Myles Cabot, PhD
East Carolina Diabetes and Obesity Institute
115 Heart Drive, Greenville, NC 27834
Department of Biochemistry and Molecular Biology
Brody School of Medicine, East Carolina University
600 Moye Blvd, Greenville, NC 27834
- B.S., Western Carolina University, 1970
- M.A., Western Carolina University, 1972
- Ph.D., The Hebrew University, Hadassah Medical School, Ein Karem, Jerusalem, Israel, 1976
- Postdoctoral, 1976-1978, Damon Runyon-Walter Runyon Postdoctoral Fellow in Cancer Research, Oak Ridge Associated Universities, Oak Ridge National Laboratories, Oak Ridge, Tennessee
Dr. Cabot, a lipid biochemist and cancer cell biologist, has published extensively on the development and reversal of multidrug resistance in cancer. His investigations in chemotherapy resistance were acknowledged with the American Cancer Society’s Science Writer’s Award, 1999. He serves on numerous review panels including those of the National Institutes of Health, the NCI’s Cancer Drug Development and Therapeutics (CDDT) Panel, Department of Defense (DoD) Breast Cancer Research Program, FDA – Modeling Cancer Risk Program, and the United States-Israel Binational Science Foundation. Collaborations – University of Virginia Cancer Center, Charlottesville; Penn State/Hershey Cancer Institute-Milton S. Hershey Medical Center; Georgia Institute of Technology; University of The Basque Country, Bilbao, Spain, and the Institute for Advanced Chemistry of Catalunya, Barcelona, Spain, on issues related to drug discovery and cancer therapy. In-house collaborations, aimed at understanding mitochondrial bioenergetics in chemotherapy resistant cancer: Drs. P. Darrell Neufer and Kelsey Fisher-Wellman (Dept. of Physiology, Brody School of Medicine, and the East Carolina Diabetes and Obesity Institute).
Clinical translational work – In collaboration with physicians and scientists at Los Angeles Children’s Hospital and Texas Tech University, Lubbock, Cabot helped develop use of the Vitamin A analog, 4-HPR (fenretinide) that is currently being evaluated in Phase I/II clinical trials (CerRx) in adult lymphoma, adult solid tumors, and pediatric mixed tumors. In work with scientists and clinicians at UVA and Penn State/Hershey, Cabot contributed to development the Ceramide NanoLiposome (CNL) (Keystone Nano) that is in Phase I, FDA approved clinical trials in patients with advanced solid tumors that have failed conventional chemotherapy.
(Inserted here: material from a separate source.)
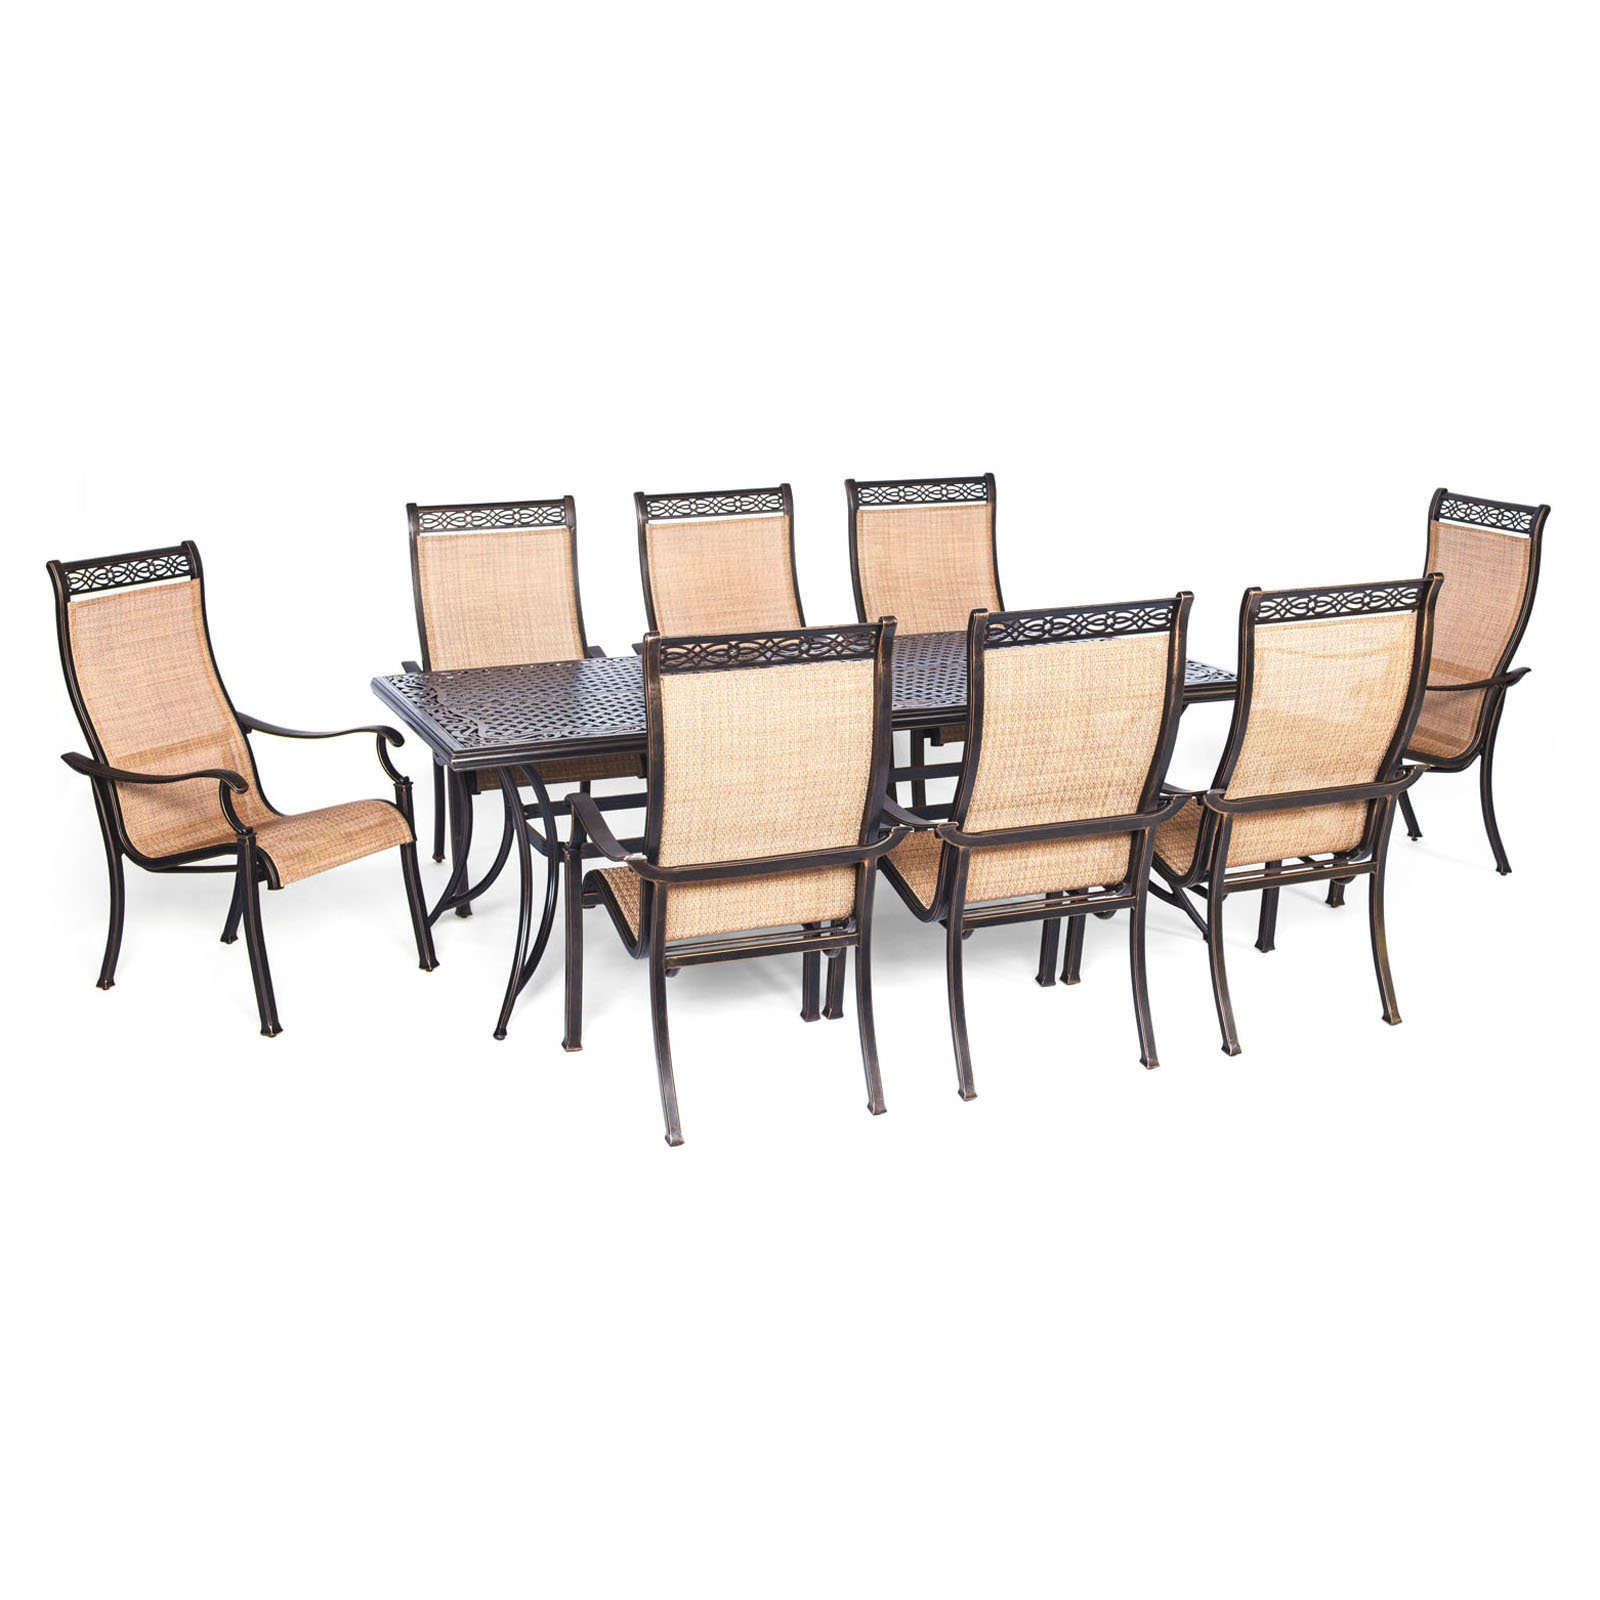 home table set designs piece malibu vifah patio depot sets dining square the
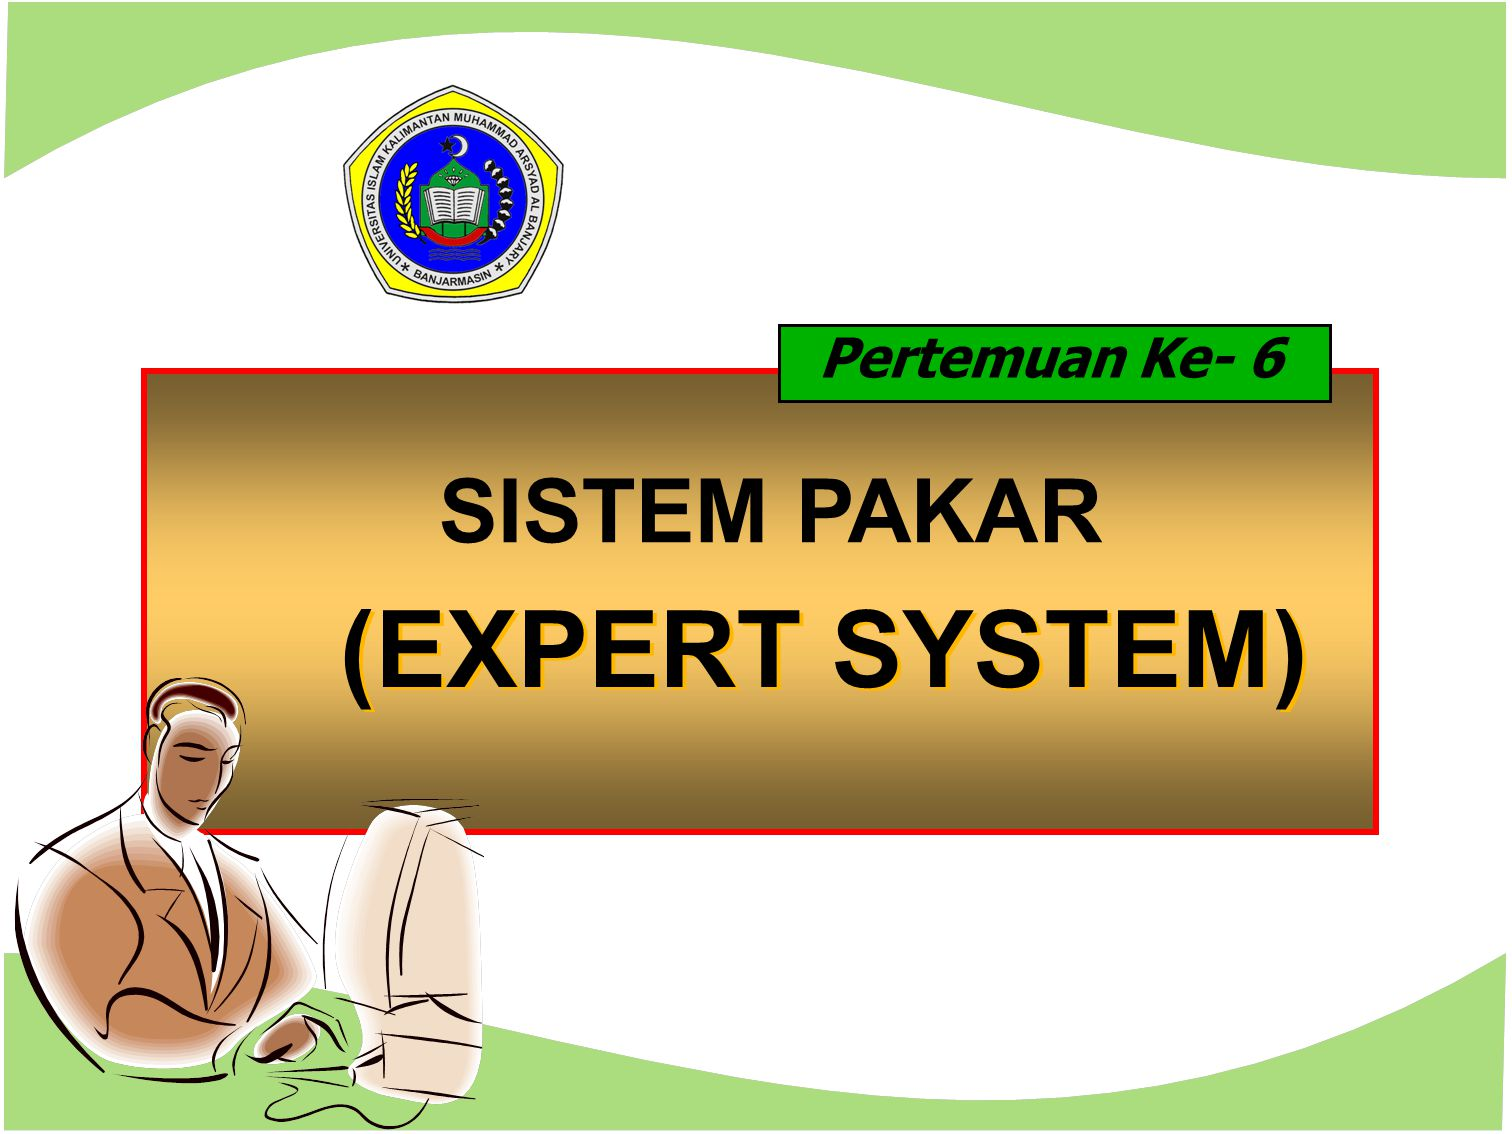 KNOWLEDGE ENGINEERING Proses pengembangan suatu sistem pakar Orang yang mengembangkan suatu sistem pakar disebut: Knowledge Engineer Fase pengembangan sistem pakar 1.

Research in Cabot’s laboratory focuses on sphingolipid metabolism as it relates to cancer and targeted therapeutics. Sphingolipid metabolism is an area of cancer research that has risen to clinical prominence. This is because ceramide, the aliphatic backbone of sphingolipids, acts as a powerful tumor suppressor, whereas its glycosylated product, glucosylceramide, catalyzed by the enzyme glucosylceramide synthase (GCS), is anti-apoptotic and a biomarker of chemotherapy resistance, as discovered by Cabot and colleagues (Patent # 6,090,565). Ceramidase (acid ceramidase), another important sphingolipid enzyme regulator of cancer cell growth, has recently been identified as a candidate gene for development of new cancer diagnostics and touted as a therapeutic target in metastatic cancer. Like GCS, acid ceramidase dampens the tumor suppressor properties of ceramide via ceramide hydrolysis and leads to the generation of sphingosine 1-phosphate (catalyzed by sphingosine kinase, SPHK), a powerful cancer cell mitogen. Thus, sphingolipid metabolism is a dynamic process with complex orchestration, impact, and clinical application. Importantly, these enzymes are druggable targets. Current models – leukemia (AML); colorectal cancer. Other models – breast, ovarian, and prostate cancer, melanoma, neuroblastoma.
NCI P01 CA171983
Morad SAF, Cabot MC. The Onus of Sphingolipid Enzymes in Cancer Drug Resistance. Adv Cancer Res. 2018;140:235-263.
Morad SAF, Cabot MC. Ceramide-orchestrated signaling in cancer cells. Nat Rev Cancer. Nature Publishing. 2013.
Senchenkov A, Litvak DA, Cabot MC. Targeting ceramide metabolism–a strategy for overcoming drug resistance. J Natl Cancer Inst. 2001.